In 1869, Adams's family moved to Russell Creek in Indian Territory (now Oklahoma). From 1873 until 1880, he attended a country school in Alluwe, Indian Territory.

In 1904, he published The Ancient Religion of the Delaware Indians and Observations and Reflections with The Law Reporter Printing Co. in Washington, D.C. The following year, he published Legends of the Delaware Indians and Picture Writing.

In 1906, Indian Affairs chairman Moses E. Clapp of the 59th Congress presented Adams's Brief History of the Delaware Indians.

By 1906, Adams and his wife founded the Adams Oil & Gas Company.

Circa 1913, the Adams Oil & Gas Company was involved in a land dispute with the descendants of landowner William Vann of the Cherokee nation. F. R.  Archer, allotting agent on the Quinaielt Reservation, testified that he had seen Adams and his son arranging oil leases on the reservation in the summer of 1913. He also stated that many members of the Quinalt people were part of Adams's organization, which was presumably the Brotherhood of North American Indians.
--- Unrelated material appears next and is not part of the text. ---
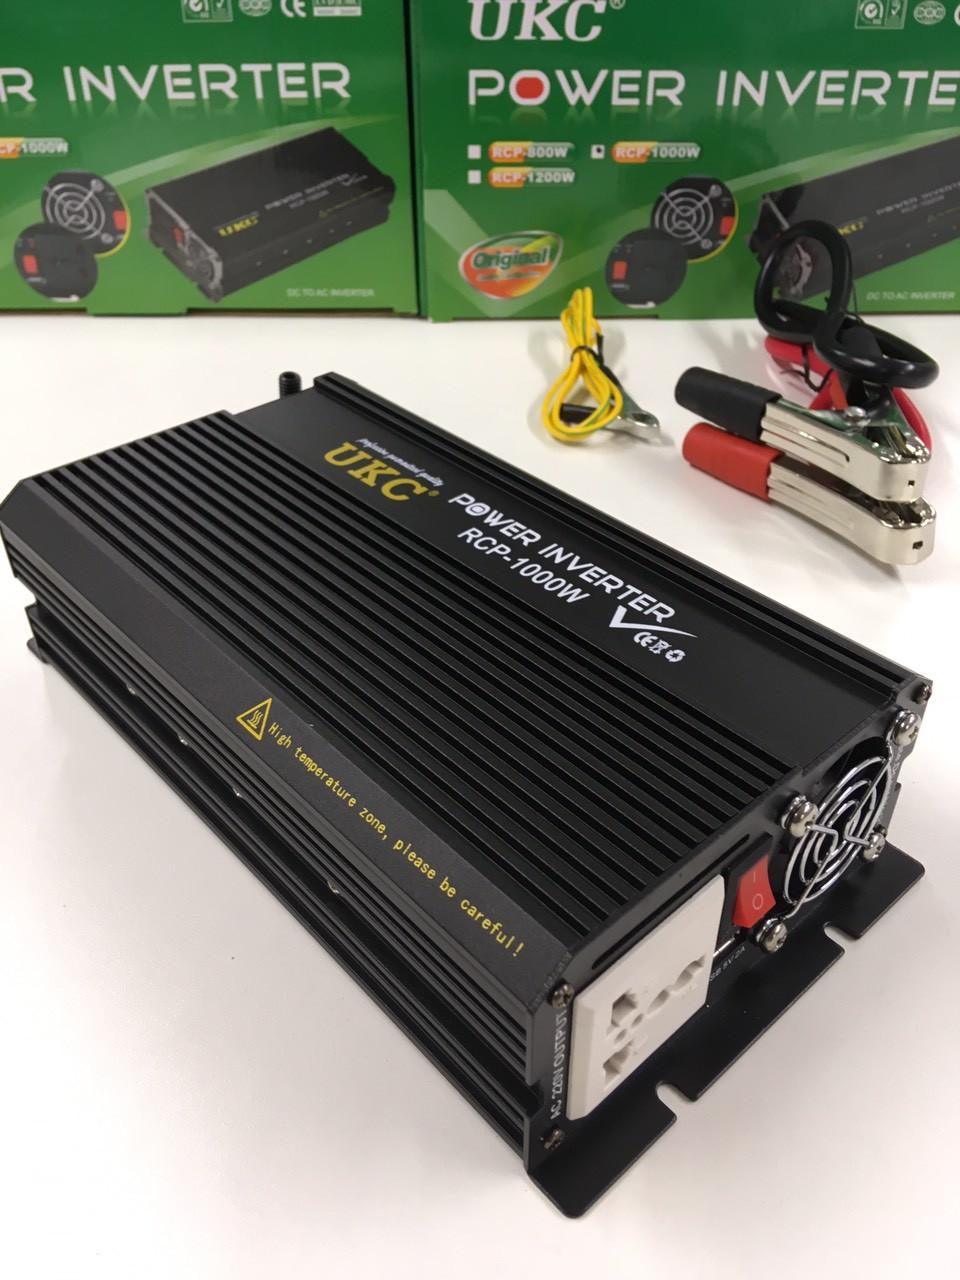 Преобразователь инвертор UKC Power Invertrer RCP-1000W 12v-220v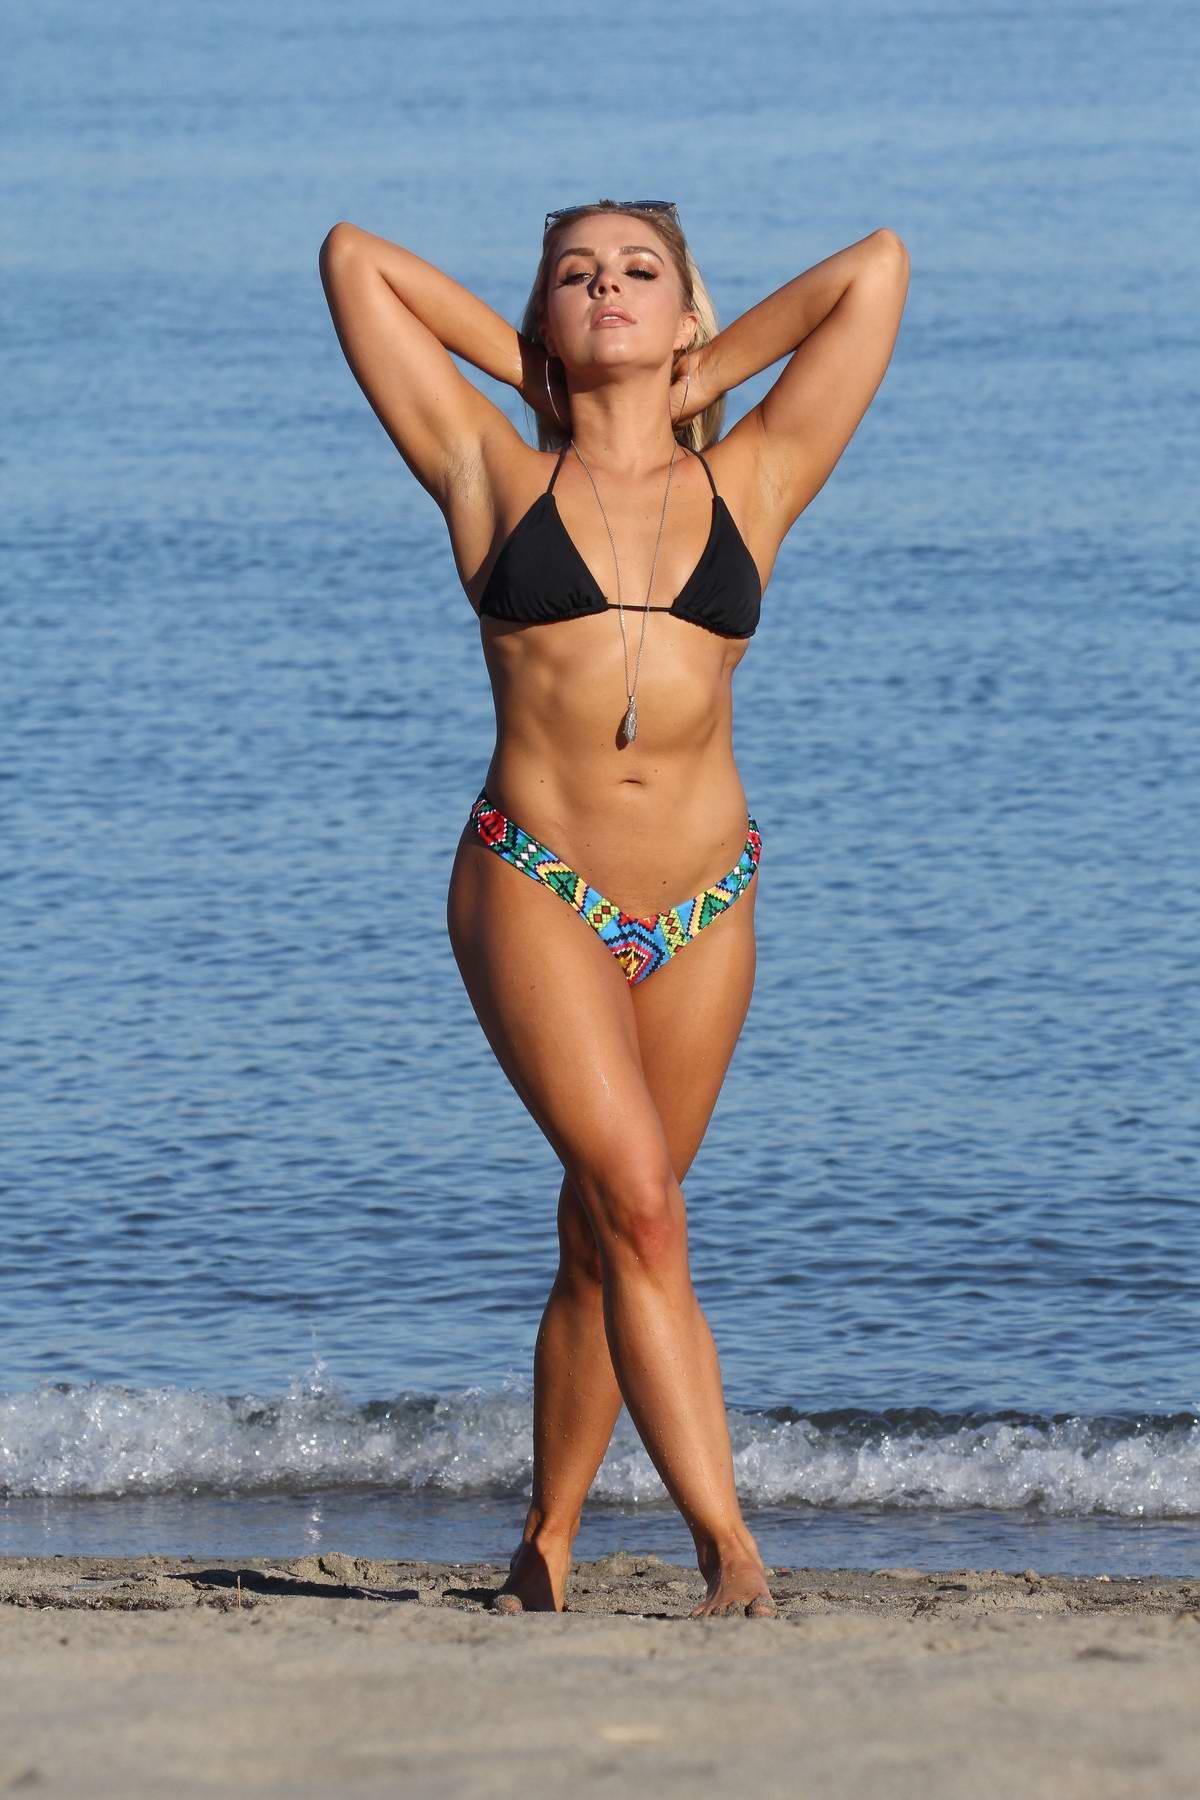 Gabby Allen in bikini enjoying the beach whilst on holiday in Marbella, Spain

In 1917, he published The Adoption of Mew-Seu-Qua (Tecumseh's Father) and the Philosophy of the Delaware Indians with The Crane Printing Company in D.C.

By 1921, oil industry magazine Oildom listed Adams Oil & Gas Company as existing in Washington, D.C., and Indrio, Florida (beside Fort Pierce). A quarterly report described that it produced 486 barrels by January 1921.